Voting rights advocates, labor organizers, civic engagement groups, and community members will gather Saturday in New Orleans for a statewide day of action opposing the U.S. Supreme Court’s decision in Louisiana v. Callais, a ruling that has intensified the fight over congressional representation, Black voting power, and the future of the Voting Rights Act.
The event, titled the Day of Action Against Voter Suppression, will take place Saturday, May 16, from 10 a.m. to noon at Duncan Plaza. Organizers say participants will rally, register community members to vote, combat misinformation surrounding Louisiana’s disrupted congressional election process, and then head to the polls together.

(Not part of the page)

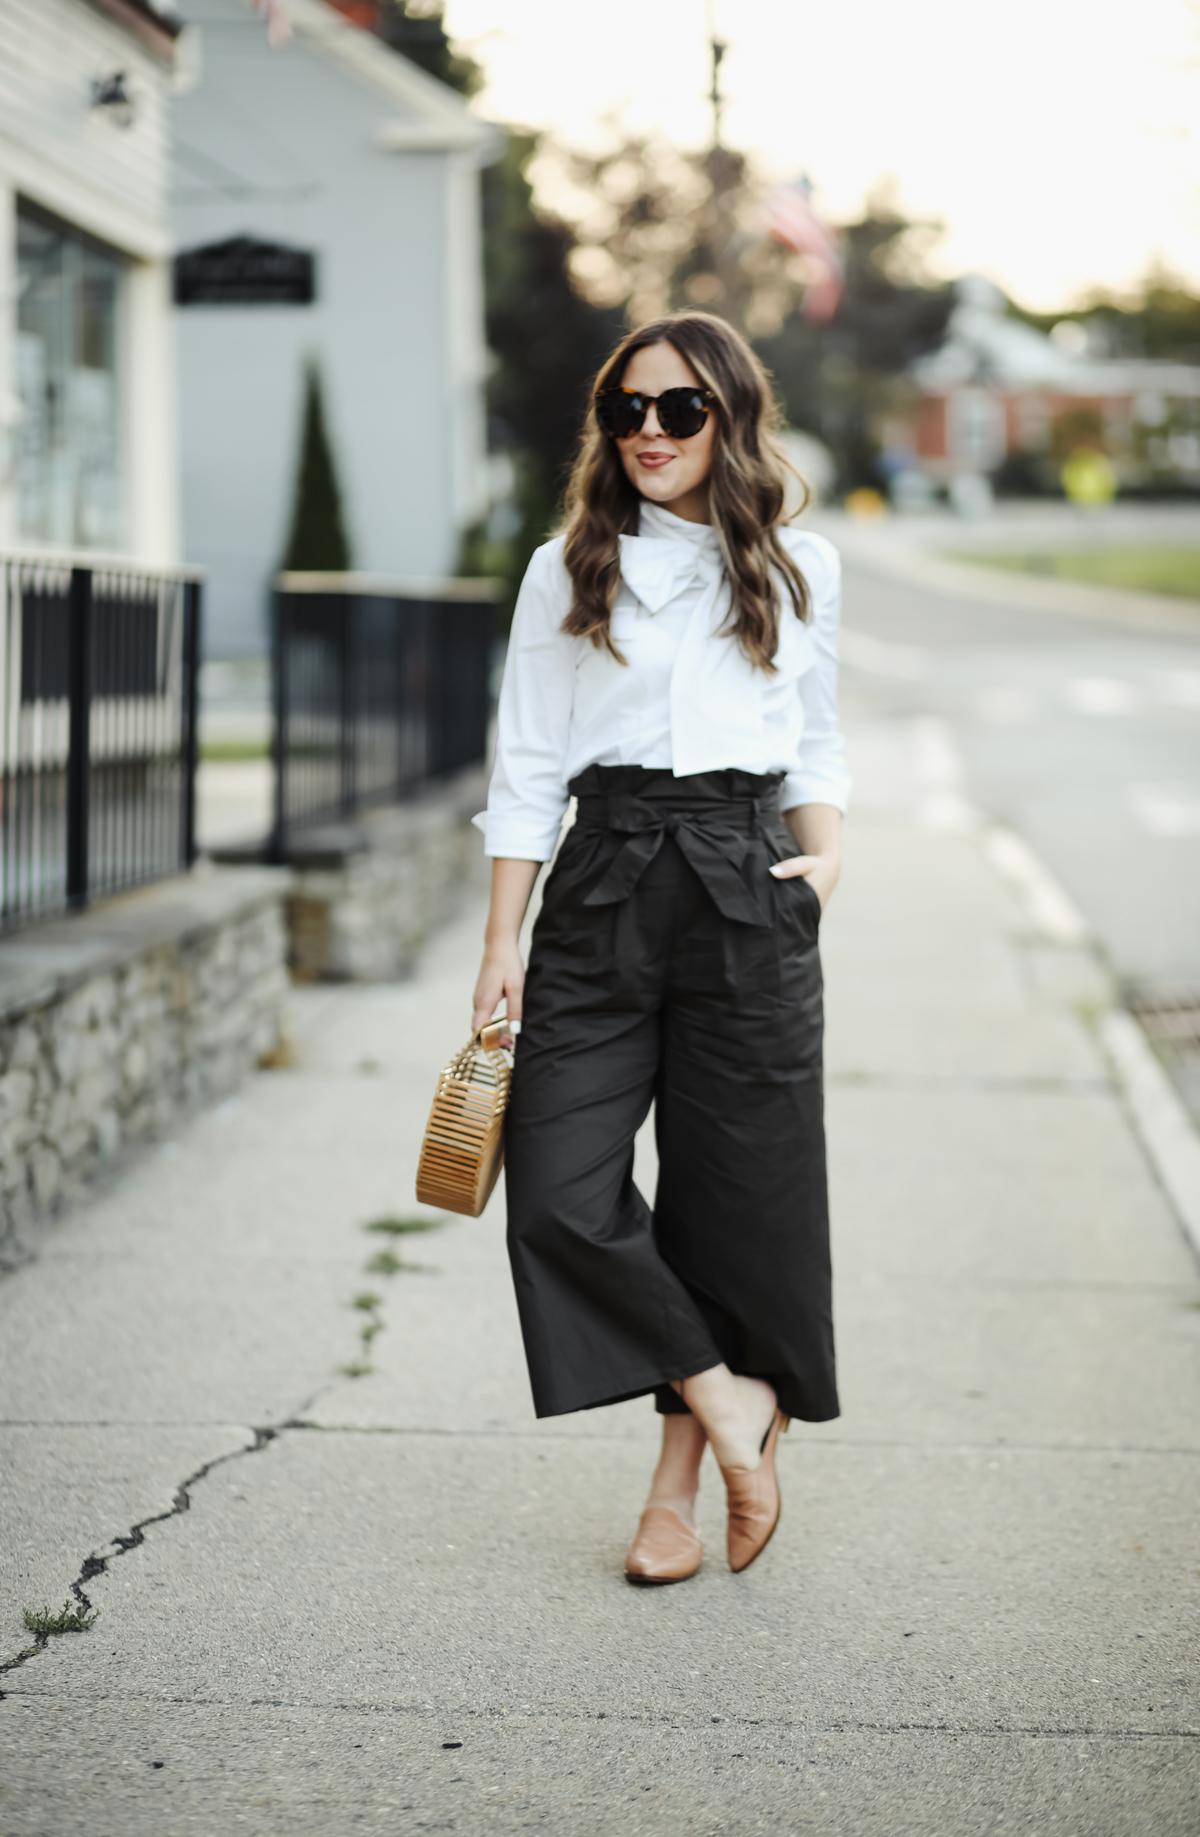 trend to try: the paperbag waist. - dress cori lynn

The mobilization comes just weeks after the Supreme Court struck down Louisiana’s congressional map in Louisiana v. Callais, finding that the map, which included a second majority-Black district, was an unconstitutional racial gerrymander. The decision has been widely criticized by voting rights groups, who argue that it weakens Section 2 of the Voting Rights Act, the landmark civil rights protection designed to prevent election systems from diluting minority voting power.
For advocates, the ruling is not an isolated legal decision. It is part of a larger battle over who gets meaningful representation in Congress and whether states can redraw maps in ways that reduce the political power of Black voters. Louisiana’s Black population makes up roughly one-third of the state, yet the state has long been at the center of legal fights over whether its congressional maps fairly reflect that population.
The Callais ruling immediately triggered political consequences in Louisiana. On April 30, Governor Jeff Landry issued an executive order suspending Louisiana’s closed-party primary elections for U.S. House races, citing the Supreme Court decision and arguing that elections should not proceed under a map the Court had rejected. Early voting had been scheduled to begin just days later for the May 16 primary.
That move created confusion for voters and candidates alike. According to reporting from the Louisiana Illuminator, more than 42,000 absentee ballots had already been received for the May 16 election by the time the governor suspended the congressional primaries. Voting rights groups and affected voters have since challenged the suspension in court, arguing that the decision disrupted an election already underway.
The political fight has only escalated. On May 14, the Louisiana Senate approved a new congressional map that would eliminate one of Louisiana’s two majority-Black congressional districts, potentially returning the state to a map with only one such district. Reuters reported that the proposed map could shift Louisiana’s congressional delegation from a 4-2 Republican advantage to a possible 5-1 Republican advantage, while Republicans have argued the redistricting is based on partisan considerations rather than race.
Civil rights advocates see the matter differently. Groups involved in Saturday’s action argue that the combination of the Supreme Court decision, the suspended congressional primaries, and the Legislature’s push to redraw the map represents a direct threat to fair representation. They warn that weakening majority-minority districts allows partisan power to be used in ways that can diminish Black voters’ ability to elect candidates that they trust will represent them.
Saturday’s event is being organized with support from a broad coalition that includes Power Coalition, New Orleans Rank and File Project, Step Up Louisiana, Indivisible NOLA, National Nurses United, Liberty & Dignity Coalition, Louisiana Alliance, Voice of the Experienced, IATSE Local 478, New Economic Justice Organizing Project, and United Teachers of New Orleans.
The coalition’s message is that the fight over congressional maps is not only a courtroom battle or a legislative debate. It is also a ground-level organizing fight over whether voters understand what is happening, whether communities remain engaged, and whether people most affected by redistricting decisions are mobilized before political power is reshaped without them.
For many organizers, Duncan Plaza has long served as a gathering place for public dissent and civic action in New Orleans. Saturday’s rally will place the Callais decision within that broader tradition, bringing together workers, voters, and community advocates who say the state’s response to the ruling threatens both democratic participation and racial representation.
The day of action is open to community members and media representatives. Organizers are encouraging residents to attend, register to vote if needed, and join efforts to defend voting rights in Louisiana at a moment when the state’s congressional future remains unsettled.